WASHINGTON, D.C. (July 11, 2018)—The Centers for Medicare & Medicaid Services (CMS) took steps toward changing Medicare’s DME fee schedule payments, proposing market-oriented reforms to the durable medical equipment prosthetics, orthotics and supplies (DMEPOS) competitive bidding program (CBP).

Beginning January 1, 2019, and until new contracts are awarded under the DMEPOS competitive bidding program, beneficiaries may receive DMEPOS items from any Medicare enrolled DMEPOS supplier.

The process for recompeting contracts with suppliers currently in effect under the DMEPOS competitive bidding program has not yet been initiated, according CMS. As a result, CMS notes that the current contracts for the DMEPOS CBP will expire on December 31, 2018.

The proposed rule also addresses oxygen equipment and other fee schedule changes.

On new payment classes for oxygen, oxygen equipment and methodology, the rule proposes:

  • New, separate payment classes for portable gaseous oxygen equipment, portable liquid oxygen equipment, and high flow portable liquid oxygen contents.
  • New methodology for ensuring that all new payment classes for oxygen and oxygen equipment are budget neutral in accordance with section 1834(a)(9)(D)(ii) of the Act.

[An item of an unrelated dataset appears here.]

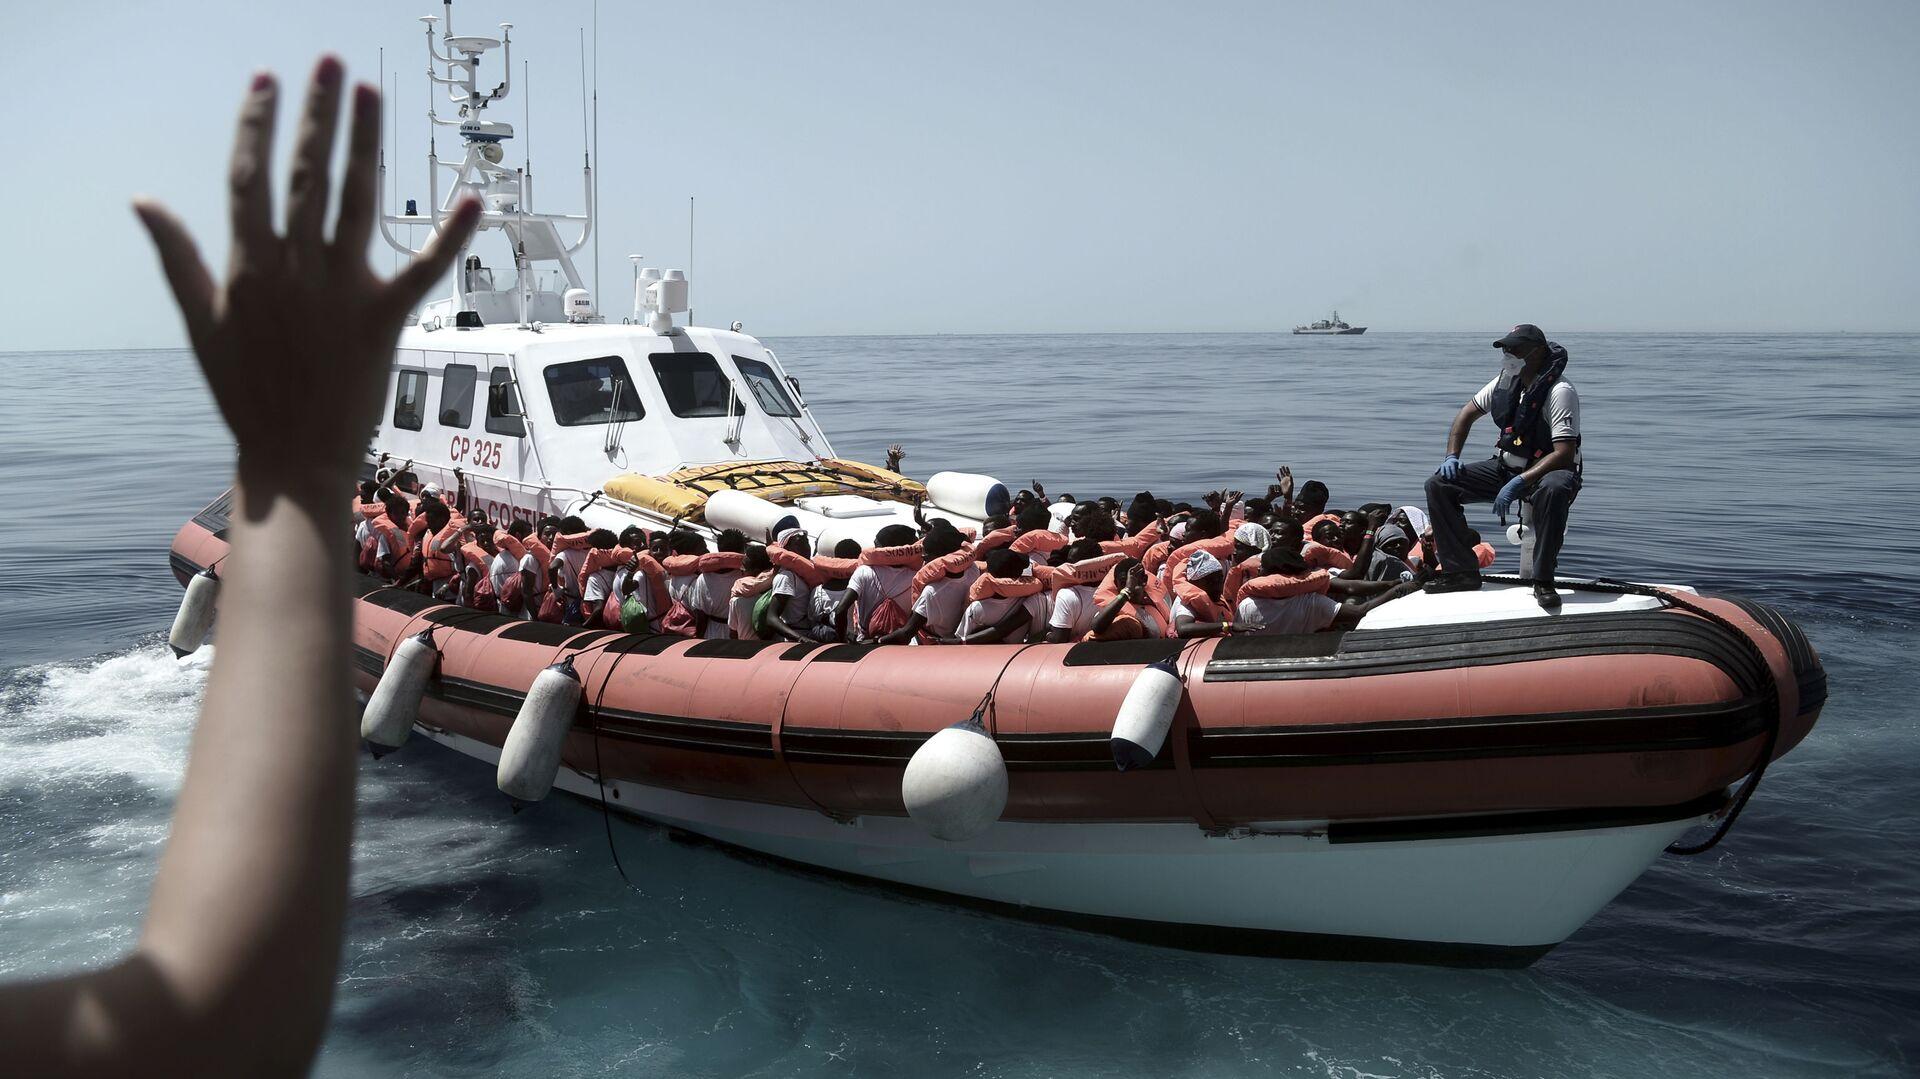 Migranti nel Mar Mediterraneo - Sputnik Italia, 1920, 21.08.2021

The new oxygen payment classes are estimated to be budget neutral to the Medicare program.
  • New rules to address payment for certain ventilators that are subject to the payment rules at section 1834(a)(3) of the Act but also perform the functions of other items of durable medical equipment (DME) that are subject to payment rules other than those at section 1834(a)(3) of the Act.

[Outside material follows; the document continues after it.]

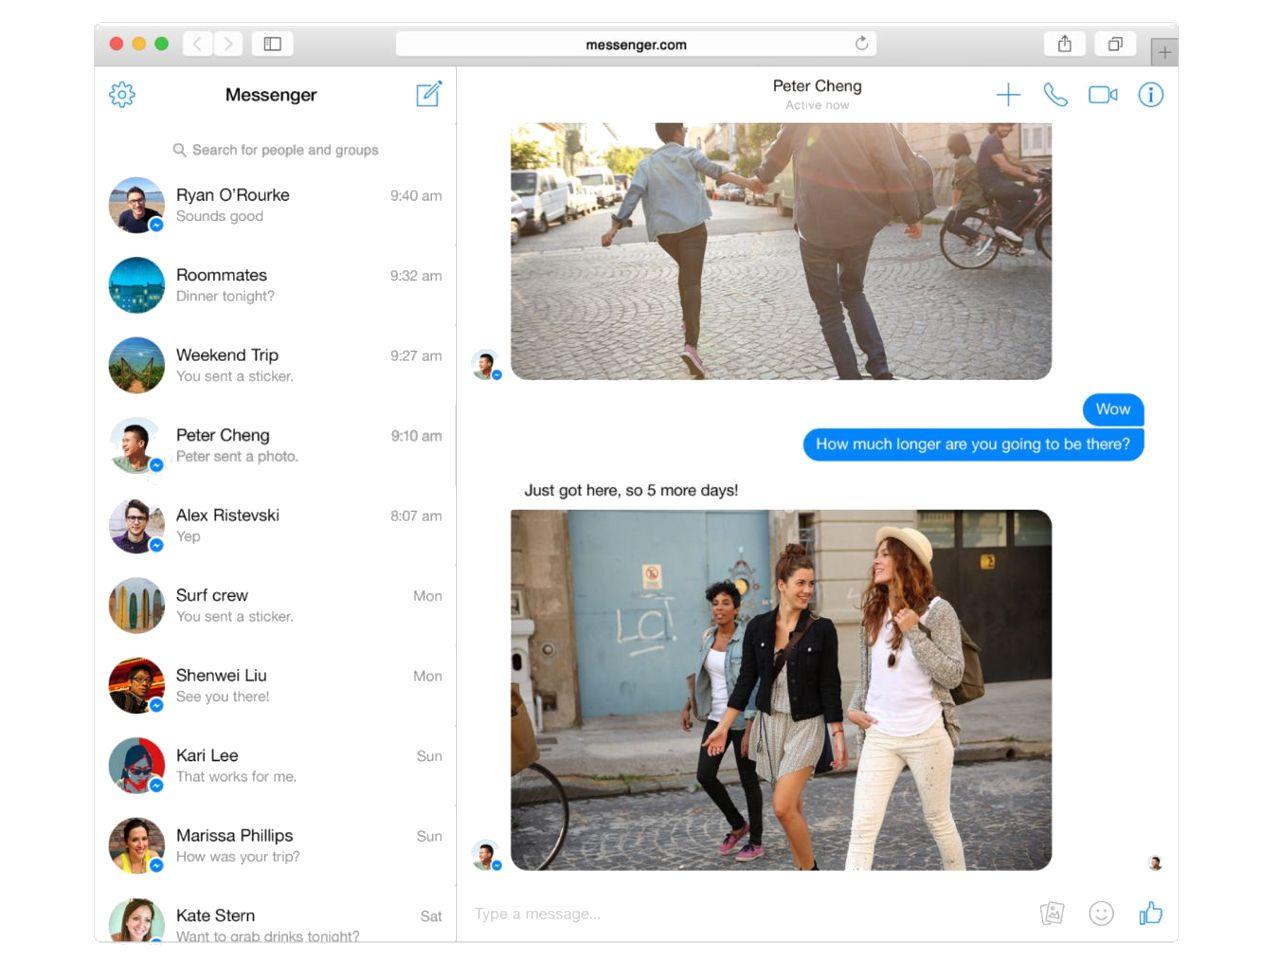 Messenger for web screenshot. Credit: Facebook

On adjustments to fee schedule amounts, the rule proposes:

  • Transitional fee schedule adjustments for DMEPOS items and services furnished on or after January 1, 2019 in areas that are currently competitive bid areas (CBAs) and in areas that are currently not CBAs.
  • Three different fee schedule adjustment methodologies depending on the area in which the items and services are furnished: (1) one fee schedule adjustment methodology for DME items and services furnished on or after January 1, 2019, in areas that are currently CBAs, in the event of a gap in the CBP; (2) another fee schedule adjustment methodology for items and services furnished from January 1, 2019, through December 31, 2020, in areas that are currently not CBAs, are not rural areas, and are located in the contiguous United States; and (3) another fee schedule adjustment methodology for items and services furnished from January 1, 2019, through December 31, 2020, in areas that are currently not CBAs and are either rural areas or non-contiguous areas.

Adjustments to the DMEPOS fee schedule will account for just over $1 billion in Medicare payments and $260 million in Medicare beneficiary cost sharing for the two-year period beginning January 1, 2019 and ending December 31, 2020.

On competitive bidding, the rule proposes:

  • Implementing lead item pricing [2] based on maximum winning bid amounts.
  • Revising the definition of bid to mean an offer to furnish an item or items for a particular price and time period that includes, where appropriate, any services that are directly related to the furnishing of the item or items.
  • Revising the definition of composite bid to mean the bid submitted by the supplier for the lead item in the product category.
  • Revising the definition of lead item to mean the item in a product category with multiple items with the highest total nationwide Medicare allowed charges of any item in the product category prior to each competition.

Tom Ryan, president and CEO of the American Association for Homecare, said at first glance the proposal looks promising. “It looks like CMS has incorporated significant recommendations from HME stakeholders into the new rule, which should help improve the bidding program,” Ryan said. “While we look forward to doing a thorough analysis of the rule and sharing our findings with the HME community, it appears that CMS has taken an important step towards stabilizing reimbursement policy for our industry, setting the stage for us to advocate for additional reforms and relief going forward."

The July 11, 2018 action is follow-up and potential fix for action in November 2016 when CMS released the 2016 ESRD PPS final rule (81 FR 77834) to implement section 522(a) of the Medicare Access and CHIP Reauthorization Act (MACRA) of 2015. 

The latest action offers insights into bid and price methodology, and comments. View the CMS press release [3] here. The proposed rule (CMS-1691-P)  [4]solicits stakeholder feedback on CMS’s approach to establishing the fee schedule amounts for new DME technologies.